# My Halloween Creations



## Fright Fan (Jul 16, 2012)

Hello Fellow Halloween Enthusiasts!

As my first post since joining this site today, I am posting some of my creations from past Halloween parties.
Some inspired or found from other websites, and others original ideas, but all were created by me.
If there is a recipe or craft idea you'd like me to send you or post details on, let me know.

Thanks,

Fright Fan


----------



## Tannasgach (Nov 1, 2009)

Everything looks great but Wow, your coffin buffet is awesome!!


----------



## Fright Fan (Jul 16, 2012)

Thank you Tannasgach!
believe it or not, it was a cardboard coffin i got from Walmart for around $20.00 4 years ago, i took black table plastic from Party City, made ruffles by hand, and used balck electrical tape to secure it. It was an incredibly easy and inexpensive project, and lasted me 3 years! (This year I am taking the time and expense of building one out of plywood) but plan on adding shelves when Halloween is over, and using the coffin as a shelving unit to house my DVD horror movie collection lol.

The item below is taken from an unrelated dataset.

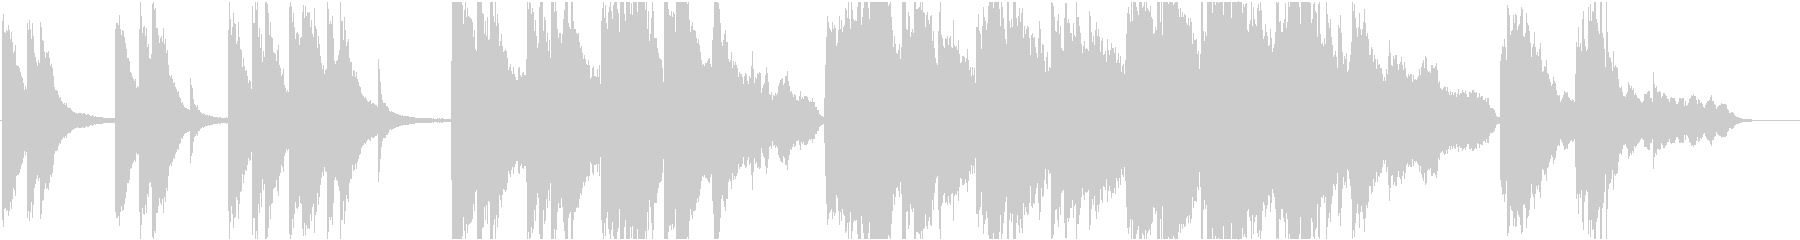 企業VP16 16bit44kHzVerの未再生の波形

Hope this info helps! thank you so much for the compliment!

Fright Fan


----------



## terri73 (Dec 7, 2009)

Nice spread!! I'm thinking of doing a smaller scale version this year the Saturday night of our campout. Sort of a payback for the help friends give me throughout the day.


----------



## Fright Fan (Jul 16, 2012)

thank you Terri73!! I appreciate the compliment =0)


----------



## Candee (Oct 24, 2010)

Love the coffin buffet as well and the fingers. Might have to thieve them lol. Thanks for sharing and welcome to the board.


----------



## Fright Fan (Jul 16, 2012)

Thanks Candee! Let me know if you need the recipe for the fingers. I can get it for you


----------



## The Halloween Lady (Jul 17, 2010)

Everything looks super! I absolutely love the coffin buffet too!


----------



## Fright Fan (Jul 16, 2012)

Thank you THL!!! Having people enjoy these creations so much is what makes me strive to come up with new ideas each year! My favorite ones usually end up being the cheapest made! Black table plastic has become my favorite decorating staple!


----------



## Danielj2705 (Jun 17, 2012)

I love thisl! Especially the fun ways of displaying food- the mummy sausage roll things are superb! The drinks display is brilliant aswell.
Also how did you get the glowing green liquid? Is it just a glow stick broken open?


----------



## MadDog (Oct 13, 2003)

Welcome to the forum, those pictures are amazing.


----------



## beautifulnightmare (Oct 31, 2010)

Very cool and makes me hungry!


----------



## Fright Fan (Jul 16, 2012)

Thanks DanielJ275 :0) for the "face transplant" glow, I took a plaster cast of a friends face, covered it with tin foil, then covered the foil with hot glue, peeled off the tin foil from the hot glue. Filled a canister with water, dropped the inside if a highlighter into the water until it absorbed the color. I then put a LED push light from dollar tree under a glass bowl, and put the canister with the face on top therefore making it "glow."


----------



## spookyone (Aug 23, 2009)

oohhh (drroooolllss) wonderful ha i have the same coffin yes walmart 20 buck mine still somwhat holding lol rather have a firmer one but im happy love how u did everything i even do the skeleton with chips too lol cute! what did u used to light up the jars? i always wondered what is best when u got big n little creatures running amok and dont wanna chance anything getting broken..


----------



## jenscats5 (Oct 16, 2010)

I agree with the others.....LOVE the coffin buffet!!


----------



## Terror Tom (Nov 3, 2008)

Wow! The way the food is displayed looks like it's right out of a magazine. Awesome


----------



## moonwitchkitty (Jul 22, 2012)

What is the head made out of?? everything looks yummy


----------



## Hillrat6 (Oct 2, 2006)

Wow, you did an outstanding job! Everything looks professionally done!


----------



## Haunted Nana (Oct 18, 2010)

Wow WOW AND WOW love it all and that Coffin Buffet is great. Welcome to the forum too.


----------



## dian35077 (Aug 22, 2012)

Love the coffin, can't wait to try it this year...


----------



## k_swiss82 (Jul 25, 2012)

Great pictures!! Your party looked awesome


----------



## chupacabra (Aug 18, 2012)

how did u do the fingers? they look so real!!!!!
Congrats on your displays


----------



## Druidess (Sep 2, 2010)

Wonderful spread you have there! The small coffin with the smelly in it for chips and salsa especially inspired me. Looks like I'll be digging out my living dead doll coffin boxes for serving snacks this year. Thank you for posting!


----------